> **ABOUT THIS TASK**: Could you transcribe the records below exactly, leaving out every picture?

> **MATERIAL FOR THIS EXERCISE**:
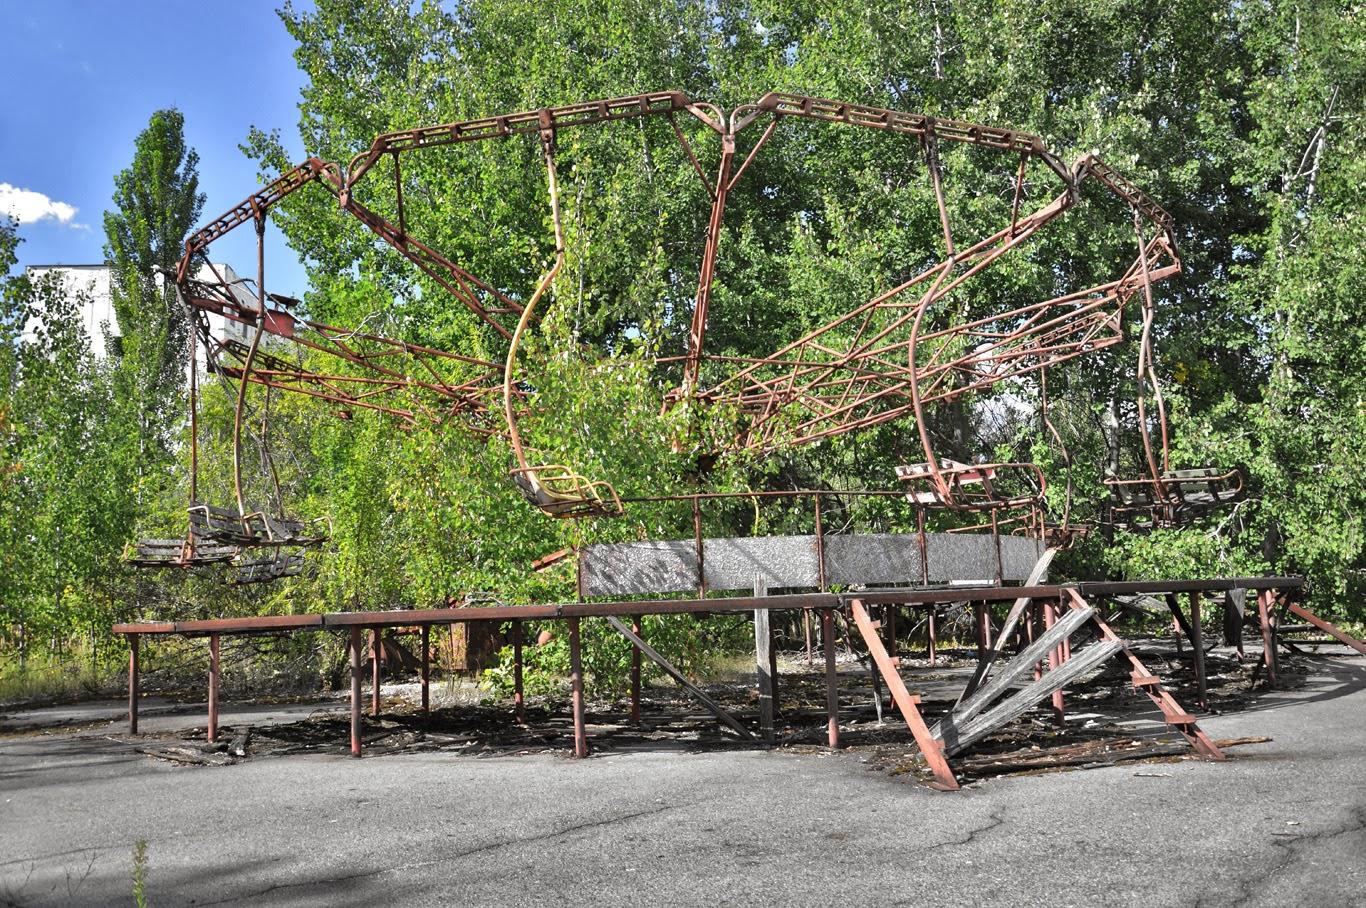 fanfair czernobyl prypeć
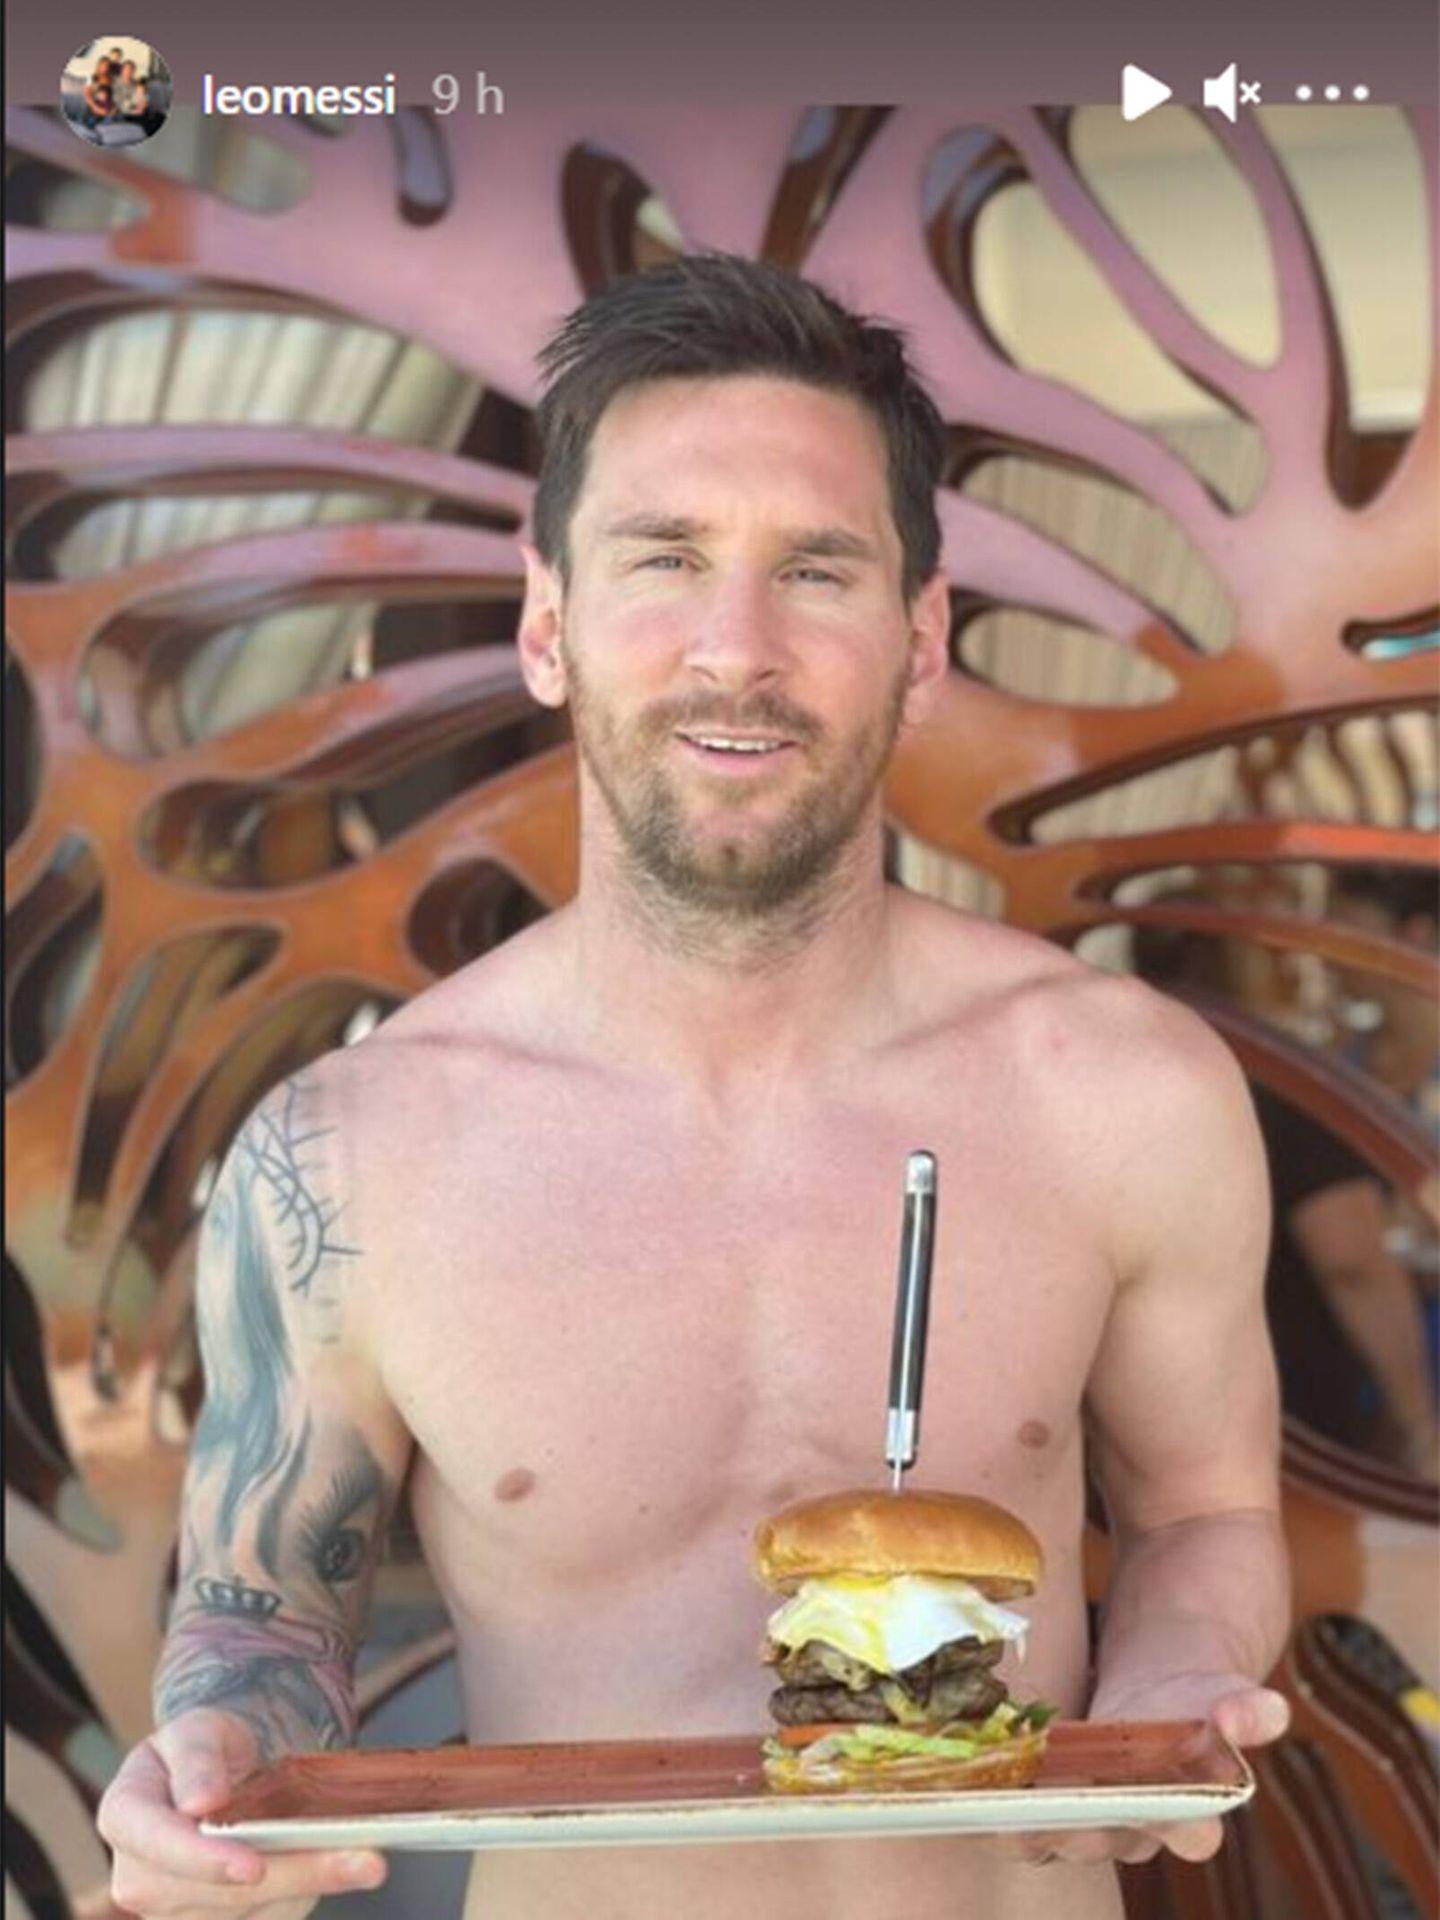 Leo Messi disfruta de sus vacaciones en el Guitar Hotel de Hard Rock. (Instagram @leomessi)
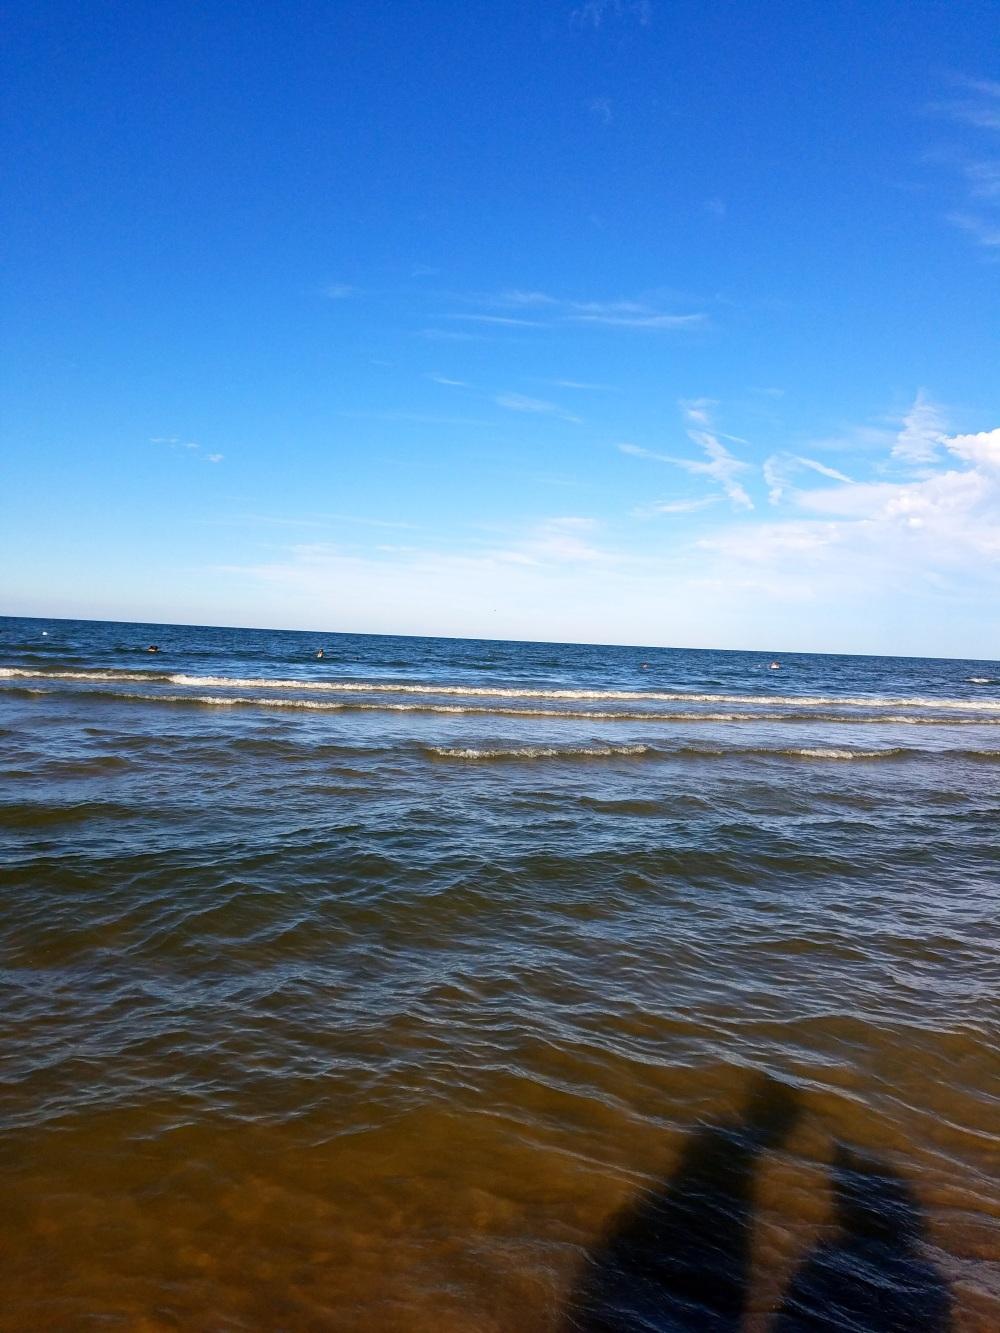 #BeachGoals
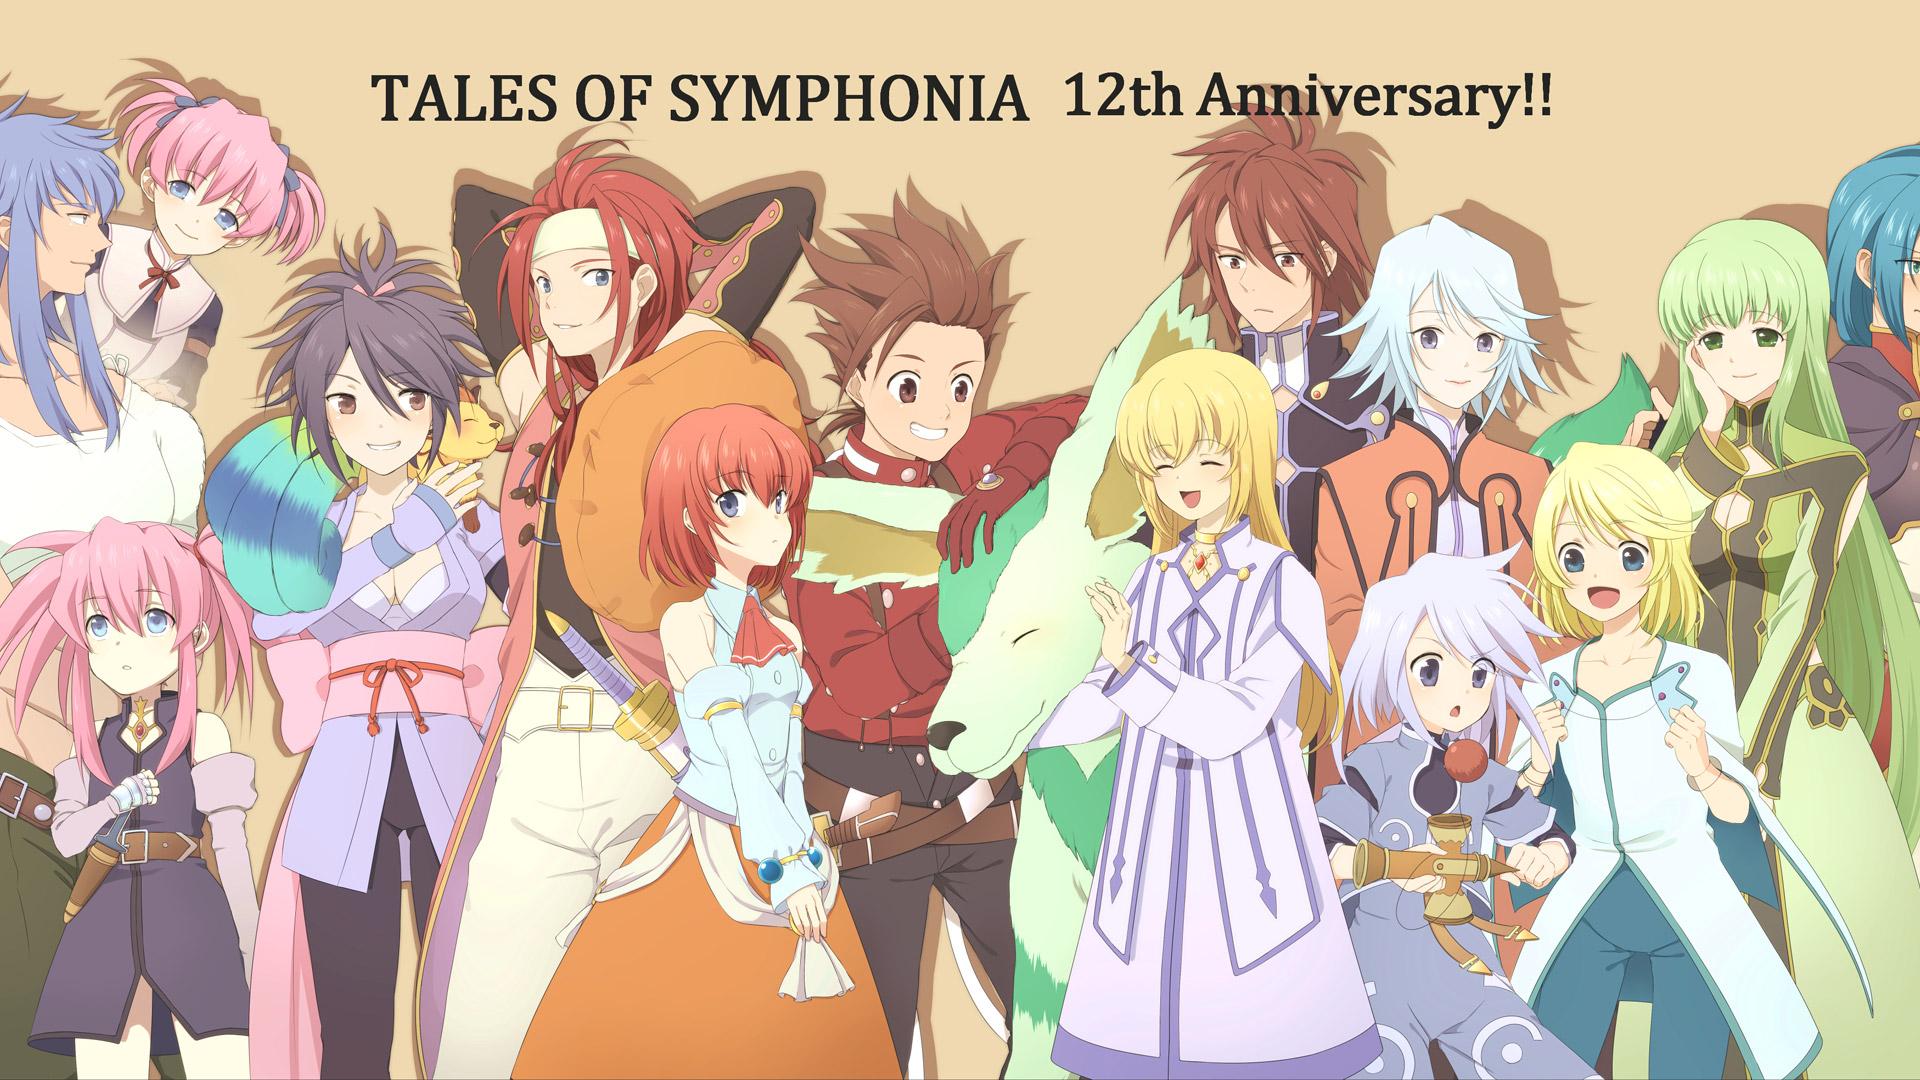 Free Tales of Symphonia Wallpaper in 1920x1080
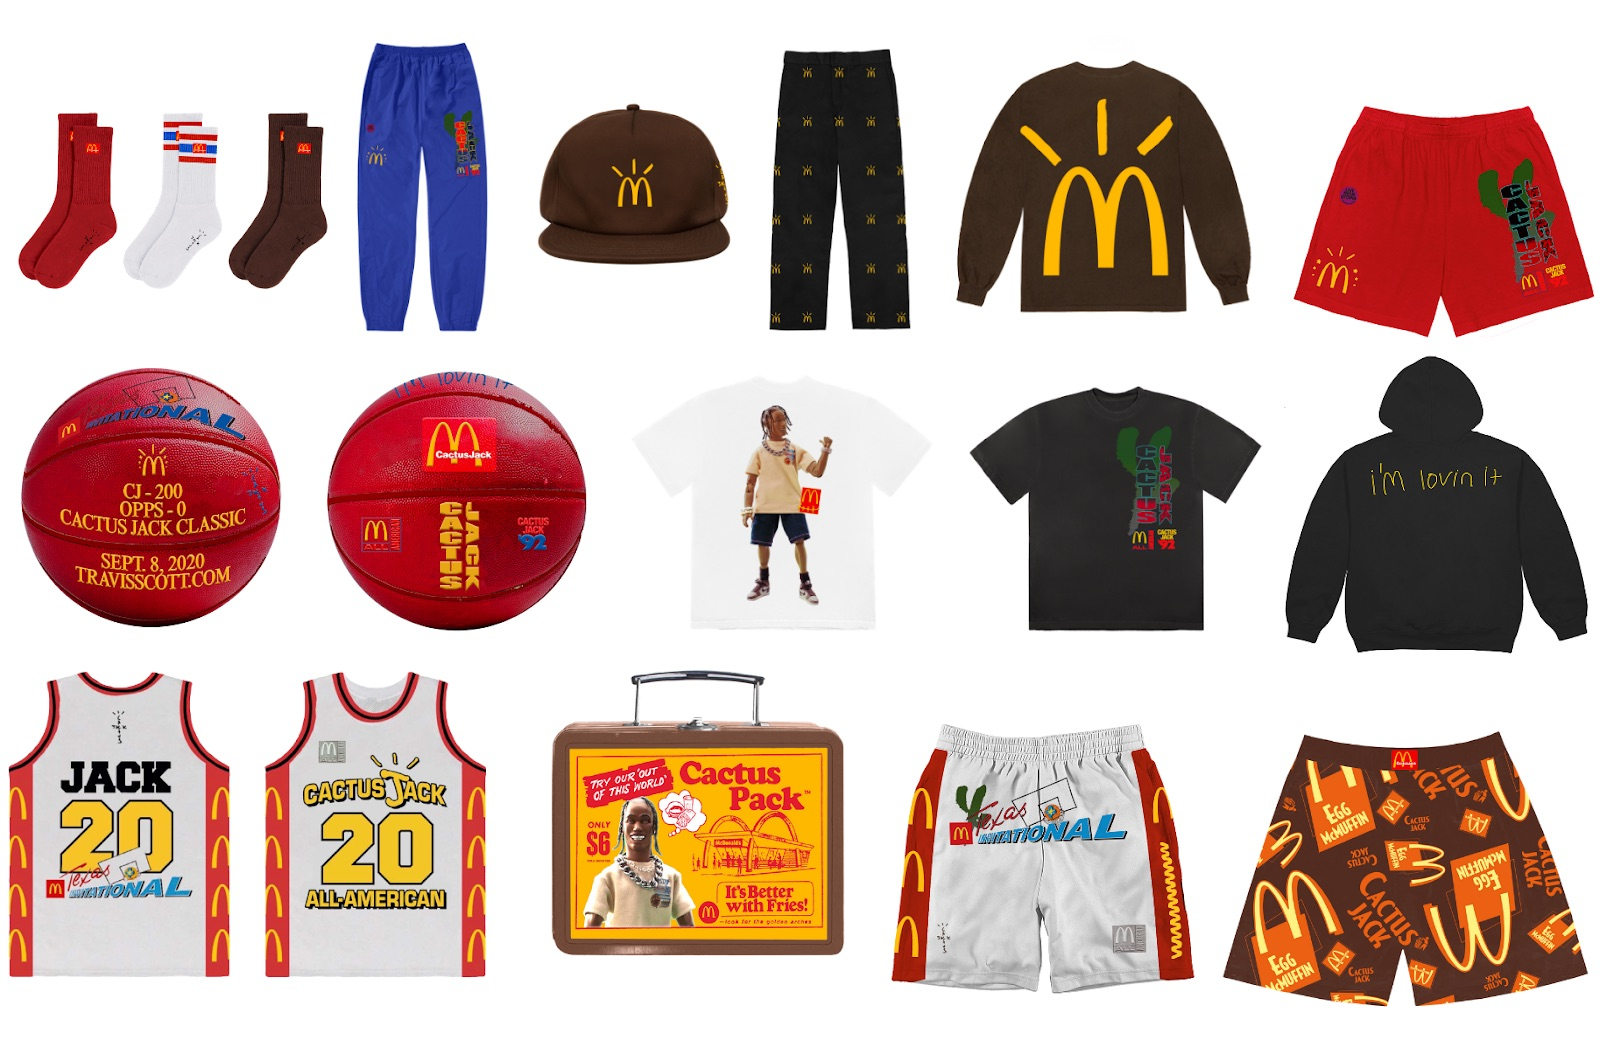 Travis Scott and McDonald's merch offerings

> **TASK ANSWER**:
 fanfair czernobyl prypeć
 Leo Messi disfruta de sus vacaciones en el Guitar Hotel de Hard Rock. (Instagram @leomessi)
 #BeachGoals
 Free Tales of Symphonia Wallpaper in 1920x1080
 Travis Scott and McDonald's merch offerings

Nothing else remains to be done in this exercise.